We head into a sheltered area of the mangroves and tie up to a suitable branch. From here we are going to kayak through some of the smaller channels in the mangroves, so with some help from our guide we gingerly climb over the side of the boat and board the kayaks that have been dragged behind us for the last hour.  Two to a Kayak – we had another couple on the tour with us – we head off into the mangrove channels.  This is welcome relief from the intense heat and sun but also gets us closer to nature.  We stop for a rest and the guide explains the importance of Mangroves, not only in the local ecosystem but also the part they play on the World stage.  Mangroves are as important as the rainforest in terms of the carbon sink that they offer but also the biodiversity that they support is huge, from providing nursery areas for smaller fish, fry and small mammals to habitats that protect bird life and an abundance of other flora and fauna.

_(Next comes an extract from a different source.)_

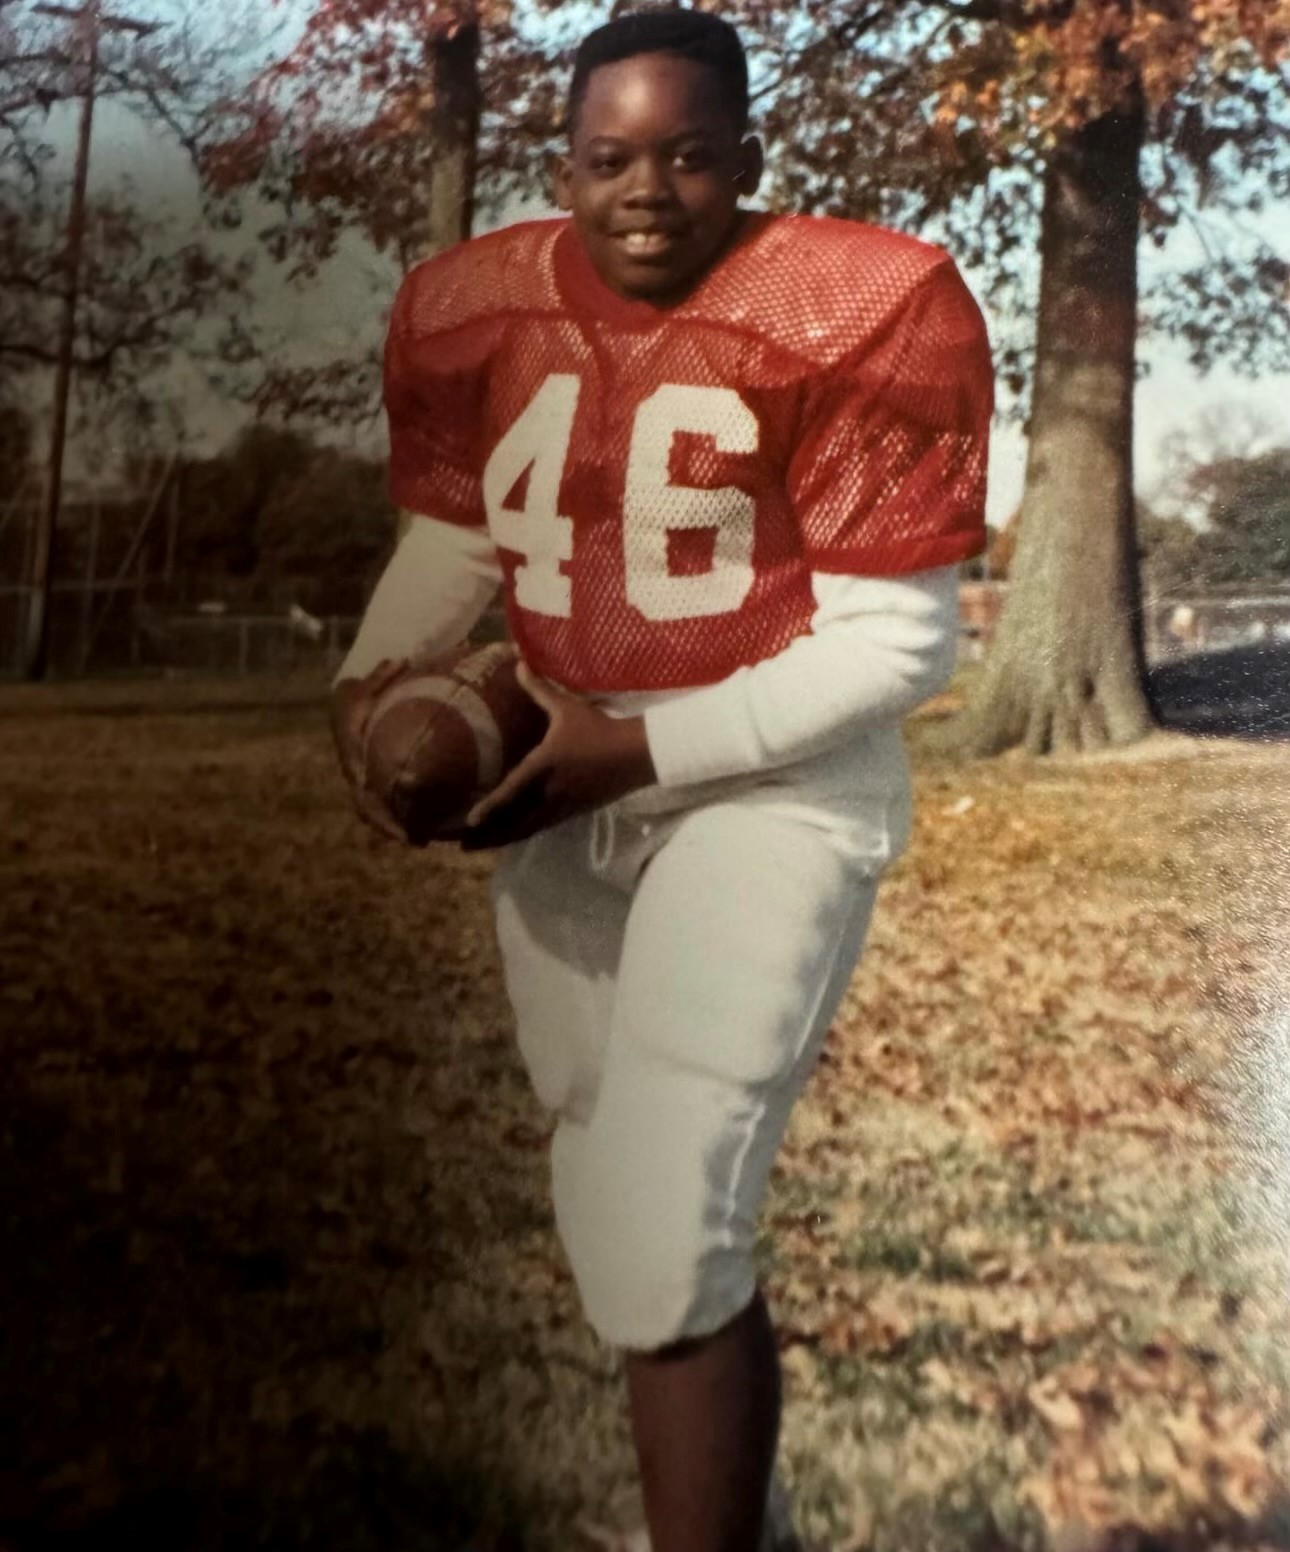 Corey Twine as a young child in a football uniform.

The importance of Mangroves cannot be overstated in the race to reverse climate change.

Back at our boat and a slightly inelegant boarding from the kayaks, we were expecting a picnic lunch somewhere next.  What we actually had was our guide whipping out a gas stove on the boat and making lunch for us whilst we chatted, bobbing about in the Thati river, mountains on one side and forest on the other. What a great spot for lunch, without another human being in sight.  Our guide rustled up spring rolls and vegetables and rice, as ordered but hot instead of the expected cold picnic!  We followed this with plates of egg yolk banana (we’ve come to love these little bananas, so called because they are bright yellow, like an egg yolk) and watermelon, expertly prepared onboard too.

Lunch over, we head back to the hotel having learnt a little more about the important ecological work they are taking part in to protect the environment here as well as run a hotel.   I’m starting to think that eco aware tourism is a good way forward for the future of travel.

After the obligatory afternoon swim in the slightly brackish river – we are at a point in the river where the salt water from the Gulf of Thailand comes back up the river in the dry season to meet the freshwater coming downriver.  It’s saltier in the dry season but during the rainy season the freshwater from the mountains pushes this back to make the river freshwater again – we relax on our deck before getting ready for dinner.

Our order for dinner is taken around 4pm and we are told that there is, if we want to take part, a short video shown by the staff of some of the conservation going on in the area and pictures from the camera traps that are put up to  monitor the wildlife in the area.  A lot of these are kept secret as the authorities don’t wan’t hunters and poachers to know where the animals are being tracked.  We saw pictures of Civet, Deer, Cloud Leopards, River Otters and Fishing Cats.  These have all been caught with camera traps in the area in which we are staying.  Also recorded but unphotographed are Pangolin, Elephant, Monkey and Porcupine together with an abundance of bird life. Having taken all this in, we were invited to go on a short trip up the river, in the dark, to watch fireflies in the trees before dinner.

I have to say, you have not lived unless you have watched fireflies, in the dead calm of the night, from a boat.  It was magical watching little pulses of light ripple through the canopy of the forest close to the river bank! What an experience.

We were less than five minutes away from the hotel and by the time we had returned, dinner was ready to be served.